Tytuł wpisu w pamiętniku odchudzania:
Skąd to + 0,5kg??? Co zawodzi?


Witajcie,

Mam dół od rana... Raniutko wlazłam na wagę, a tam nie wiadomo skąd "+ pół kilo" - JAKIM CUDEM! Trzymam dietę, ćwiczę, biegam, a tam taka niespodzianka. Normalnie się załamałam!!! Rozumiem wolniej spadająca waga ale przyrost??? No bez jaj...

Wiem, że przy bieganiu, szybkim marszu itp. mięśnie pracują i waga może nieco wolniej spadać... Ok. Ale rosnąć? Ciężko mi robić cos nie widząc efektów. Jak to jest u was?

Oczywiście wkurzyłam się na to pół kilograma i poszłam pobiegać . Marne 4 km, na przemian bieg i chód, bo na razie więcej nie dam rady. Endomondo mówi, że spaliłam 260 kcal, czyli śniadanie :) To lubię! No i dalej nie kumam! Niech ta paskudna waga spada!!!!!

No to jeszcze po południu zrobię brzuszki (8 min. ABS), przysiady (z planu "super tyłek w 30 dni ) i zacznę te ćwiczenia z książki Ewy Chodowskiej (która sobie kupiłam, a na razie jeszcze dobrze nie przejrzałam).

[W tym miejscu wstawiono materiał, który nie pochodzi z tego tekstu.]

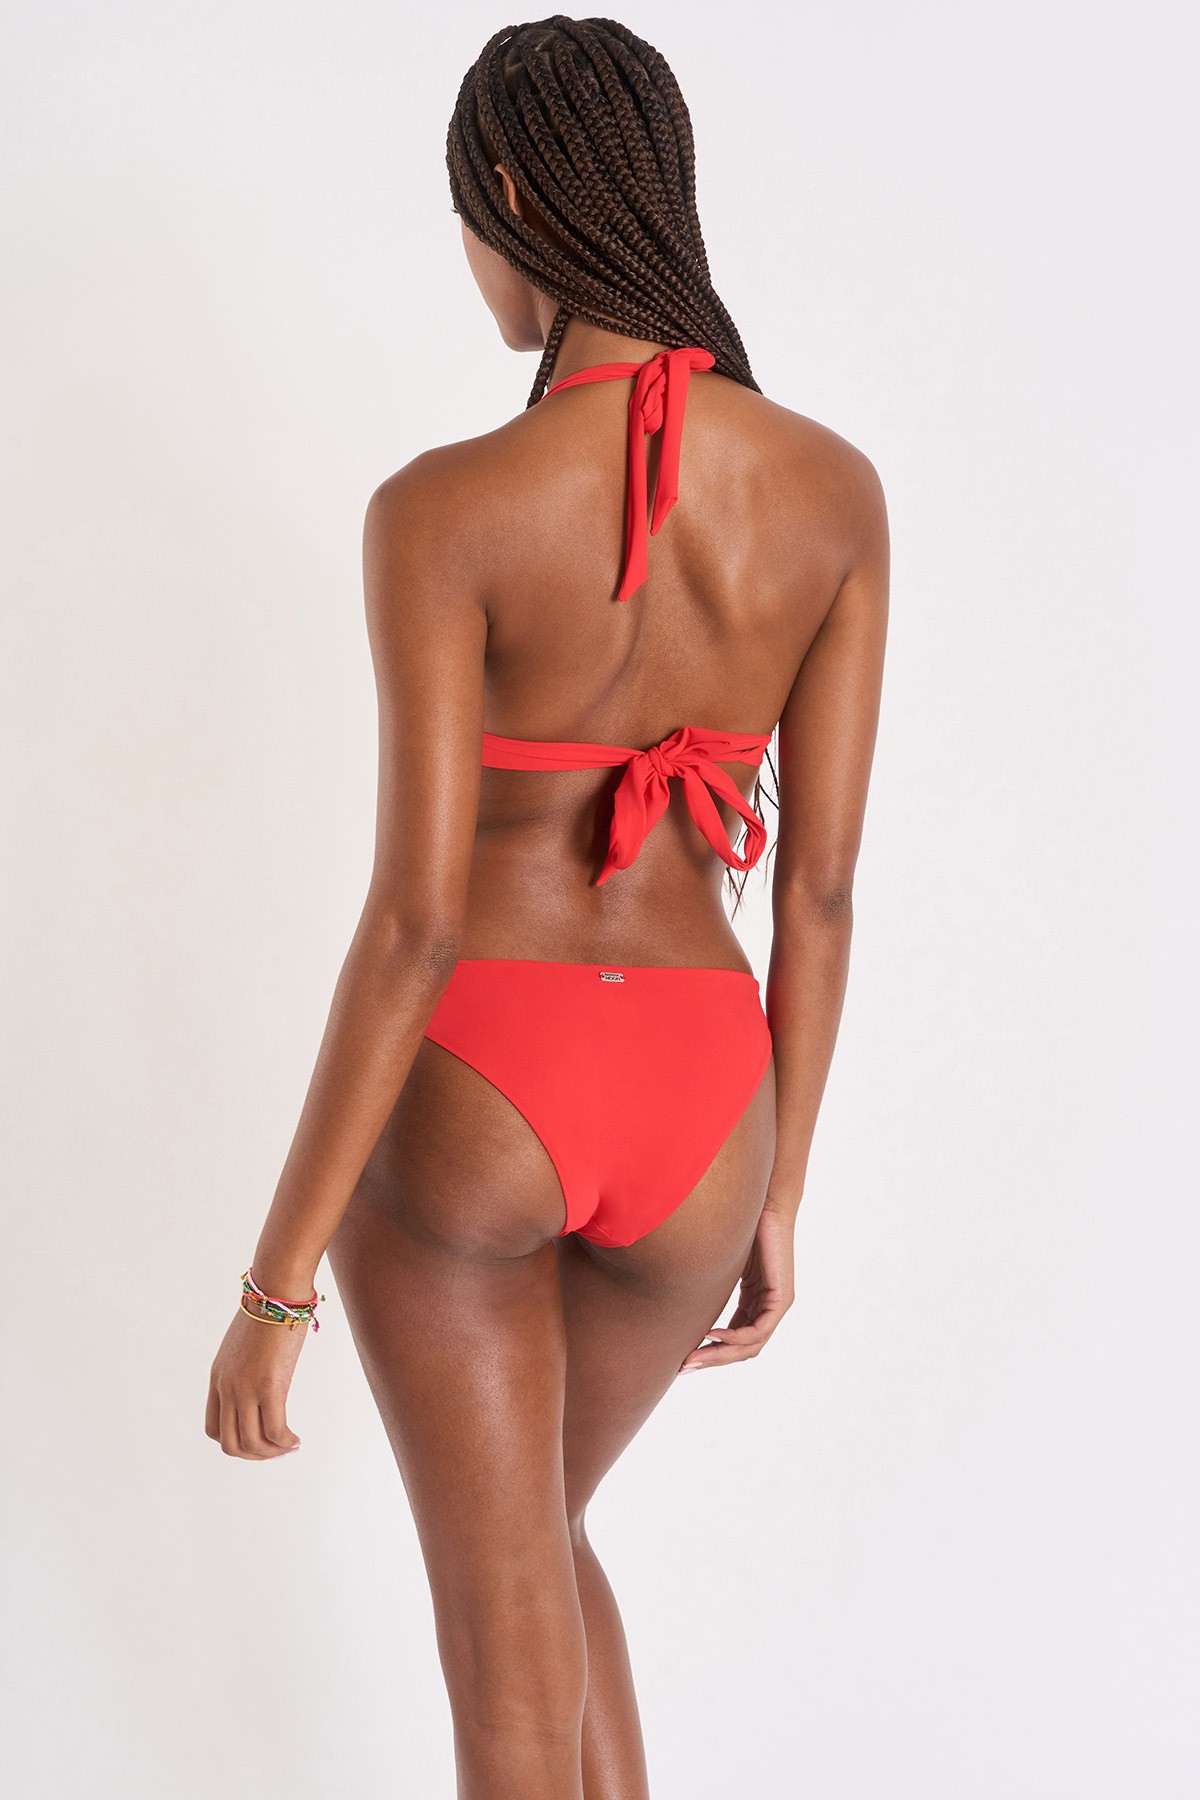 31202 Pour Moi Atlas Underwired Bikini Top - 31202 Red

Nie będzie mi tu waga cudów pokazywała! Może się paskuda zepsuła!

  • chubbyann

    chubbyann

    17 kwietnia 2013, 06:11

    Nie mam pojęcia skąd to się bierze. Woda? Mam nadzieję, że to to, bo u mnie tez przyrost :(

  • pullinek

    pullinek

    16 kwietnia 2013, 16:24

    kurczę biorę Hydrominium by woda mi nie zalegała.... a to mimo wszystko może być to??? buuuu

  • ..Agnieszka..

    ..Agnieszka..

    16 kwietnia 2013, 14:00

    może to zawartośc jelit, woda, resztki jedzenia w brzuchu...

  • vickybarcelona

    vickybarcelona

    16 kwietnia 2013, 13:49

    tak bywa, to normalne, woda.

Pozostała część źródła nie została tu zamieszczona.